Recognizing 3D Objects from Range Data

Andrea Frome and Thomas Bulow
(Professor Jitendra Malik)

We develop three-dimensional shape contexts as part of an approach to 3D object recognition from point clouds. 3D shape contexts are semi-local descriptions of object shape centered at points on an object's surface, and are a natural extension of 2D shape contexts introduced by Belongie, Malik, and Puzicha [1] for recognition in 2D images. 3D shape contexts are joint histograms of point density parameterized by radius, azimuth, and elevation. These features are similar in spirit to spin images [2], which have shown good performance in 3D object recognition tasks. Spin images are two-dimensional descriptors, summing over the azimuth angle, whereas shape contexts preserve information in all three dimensions.

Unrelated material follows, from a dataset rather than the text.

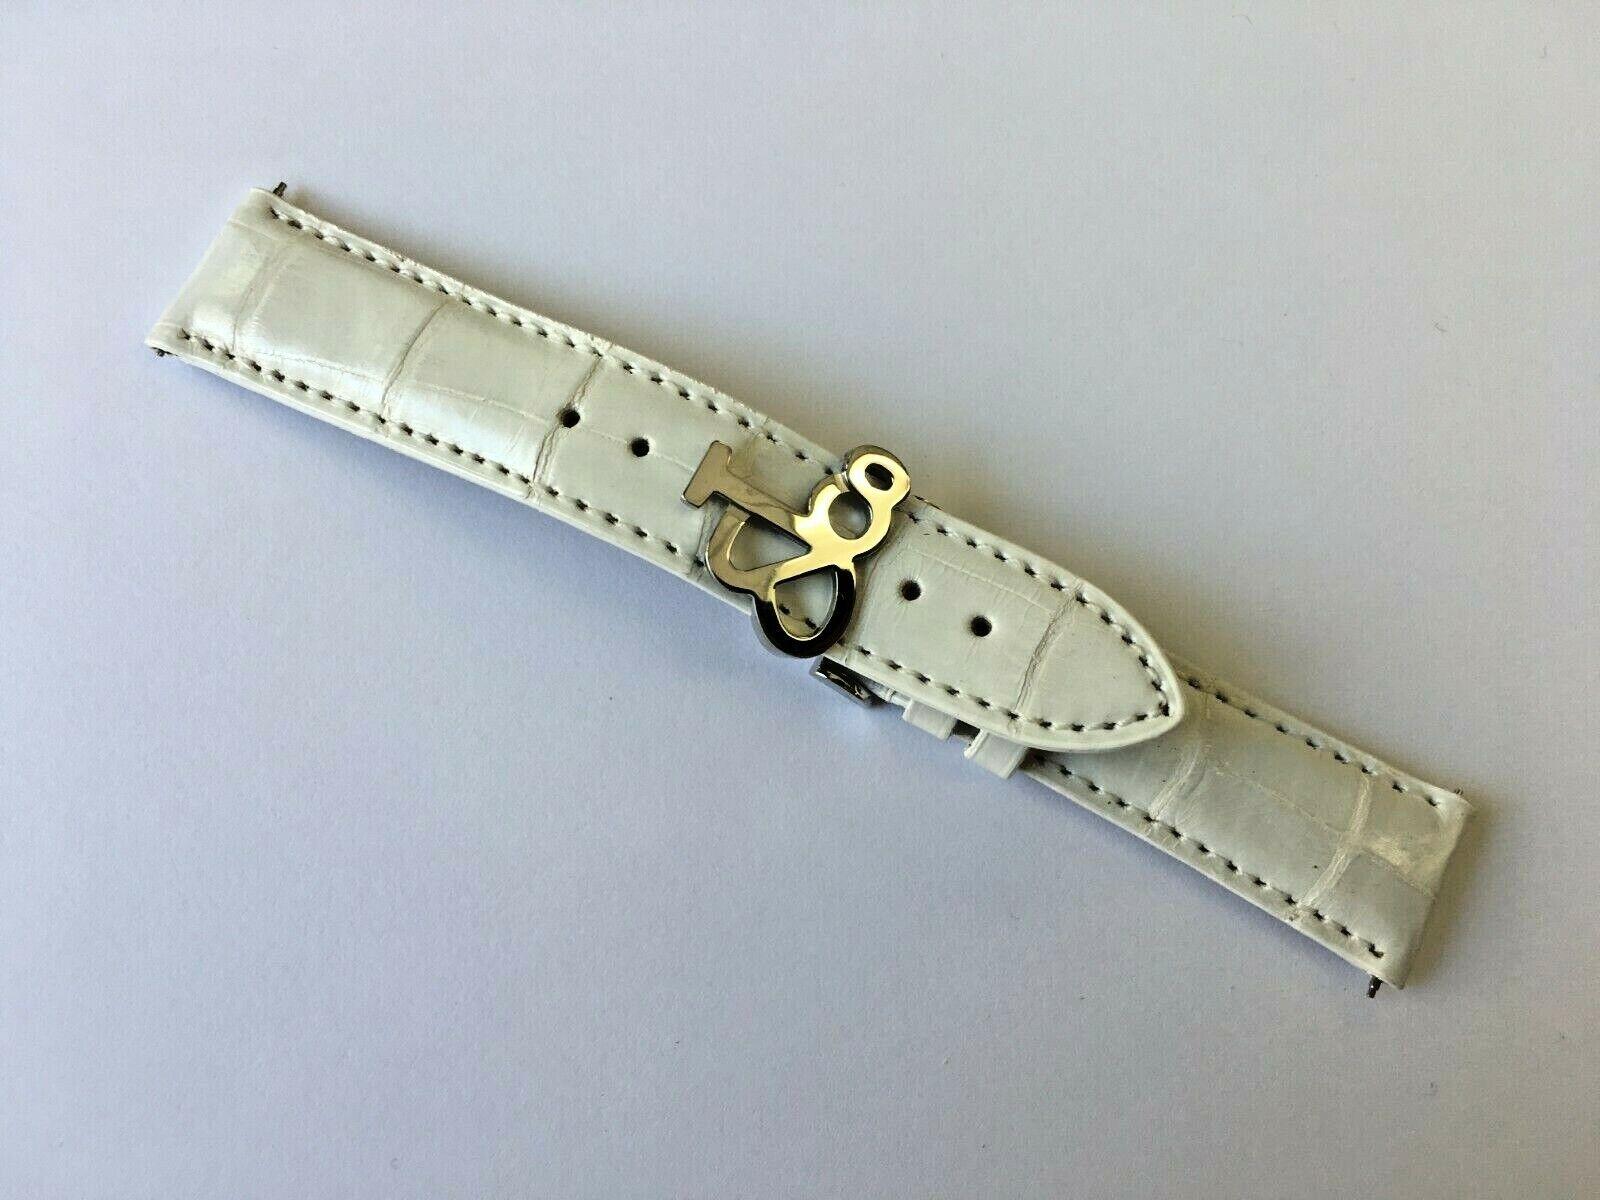 JACOB & COMPANY Uhrenarmband Alligator Weiß 20/18 mm mit Faltschliesse

To recognize objects, we compute shape contexts at a few randomly chosen points on a query image, and find their nearest neighbors in a stored set of shape contexts for a set of sample points on 3D object models. The model with the smallest combined distances is taken to be the best match. Finding nearest neighbors in high dimensions is computationally expensive, so we explore the use of clustering and locality sensitive hashing [3] to speed up the search while maintaining accuracy. Results are shown for both full 3D models and simulated range data.


Figure 1: Visualization of the histogram bins of the 3D shape context

[1]
S. Belongie, J. Malik, and J. Puzicha, "Matching Shapes," IEEE Int. Conf. Computer Vision, Vancouver, Canada, July 2001.
[2]
A. E. Johnson and M. Hebert, "Using Spin Images for Efficient Object Recognition in Cluttered 3D Scenes," IEEE Trans. Pattern Analysis and Machine Inteligence, Vol. 21, No. 5, May 1999.
[3]
P. Indyk and R. Motwani, "Approximate Nearest Neighbor--Toward Removing the Curse of Dimensionality," Proc. Symp. Theory of Computing, Dallas, TX, May 1998.